Финансовый сектор Бразилии столкнулся с одной из крупнейших кибератак в своей истории. Злоумышленники похитили около 140 миллионов долларов из шести банковских учреждений страны, используя классическую схему социальной инженерии и подкупа инсайдера.
Механизм атаки: подкуп сотрудника критически важной ИТ-компании
Кибератака была осуществлена через компромиссию учетных данных сотрудника компании C&M — разработчика программных решений для взаимодействия финансовых учреждений с Центральным банком Бразилии. Инцидент произошел 30 июня 2025 года, когда хакеры успешно завербовали инсайдера.
Жоан Назарено Роке (João Nazareno Roque), сотрудник C&M, стал ключевым звеном в реализации преступной схемы. Злоумышленники установили с ним контакт в неформальной обстановке возле бара и убедили продать корпоративные учетные данные всего за 920 долларов США.

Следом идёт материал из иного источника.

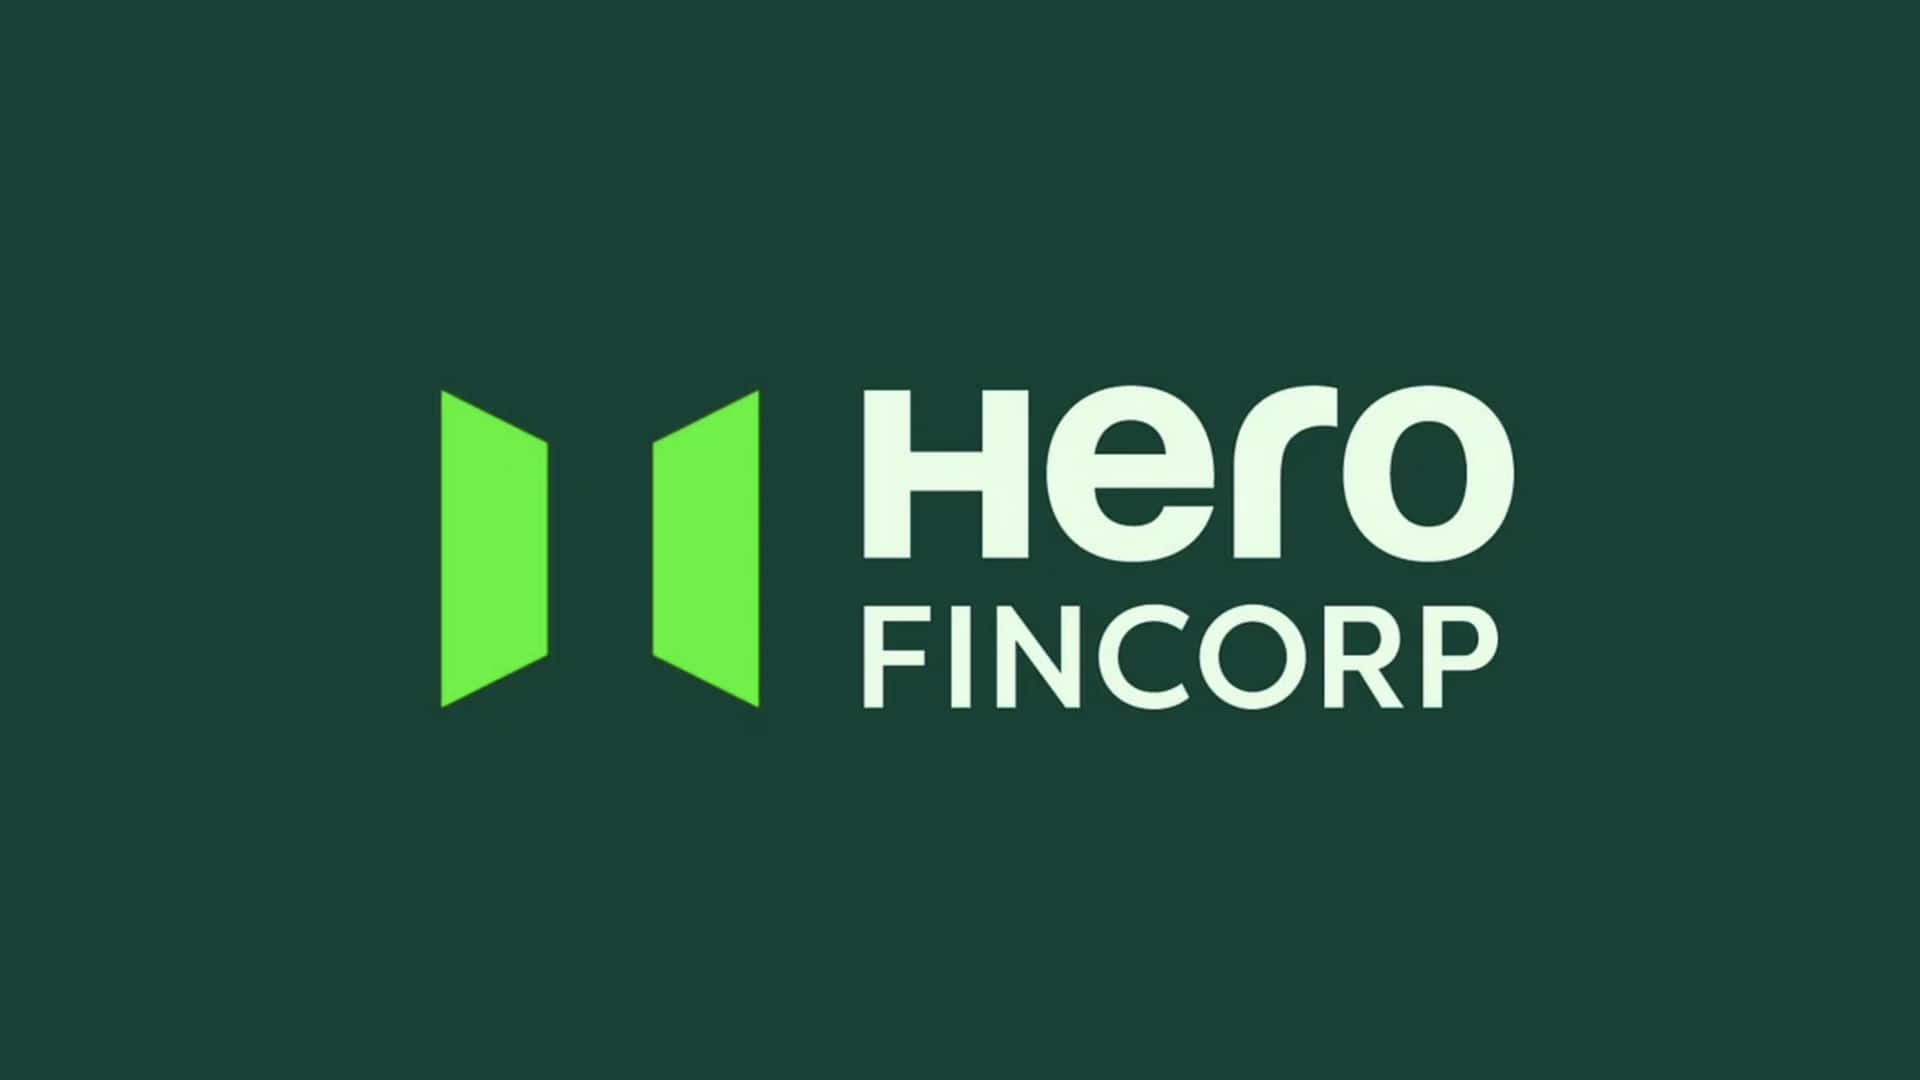 IPO-bound Hero FinCorp clears bad loans worth ₹1,200 crore

Координация атаки через современные сервисы
Особенно примечательным является использование преступниками платформы Notion для координации действий с инсайдером. Роке получал через этот сервис конкретные команды для выполнения в корпоративных системах C&M, за что получил дополнительно около 1850 долларов.
Несмотря на попытки скрыть свою преступную деятельность, включая регулярную смену мобильных телефонов каждые 15 дней, инсайдер был арестован 3 июля 2025 года в Сан-Паулу.
Воздействие на систему мгновенных платежей PIX
Атака серьезно затронула систему мгновенных платежей PIX, которой активно пользуется 76,4% населения Бразилии. Эта платежная система стала основным каналом для реализации мошеннических операций злоумышленников.
Масштаб ущерба впечатляет: только одно из пострадавших финансовых учреждений, сотрудничавшее с C&M, понесло убытки в размере 100 миллионов долларов США.
Отмывание средств через криптовалютные биржи
Согласно данным блокчейн-аналитика ZachXBT, преступники уже успели конвертировать 30-40 миллионов долларов украденных средств в криптовалюты, включая Bitcoin, Ethereum и USDT. Для легализации денежных средств использовались различные биржи и анонимные внебиржевые площадки Латинской Америки.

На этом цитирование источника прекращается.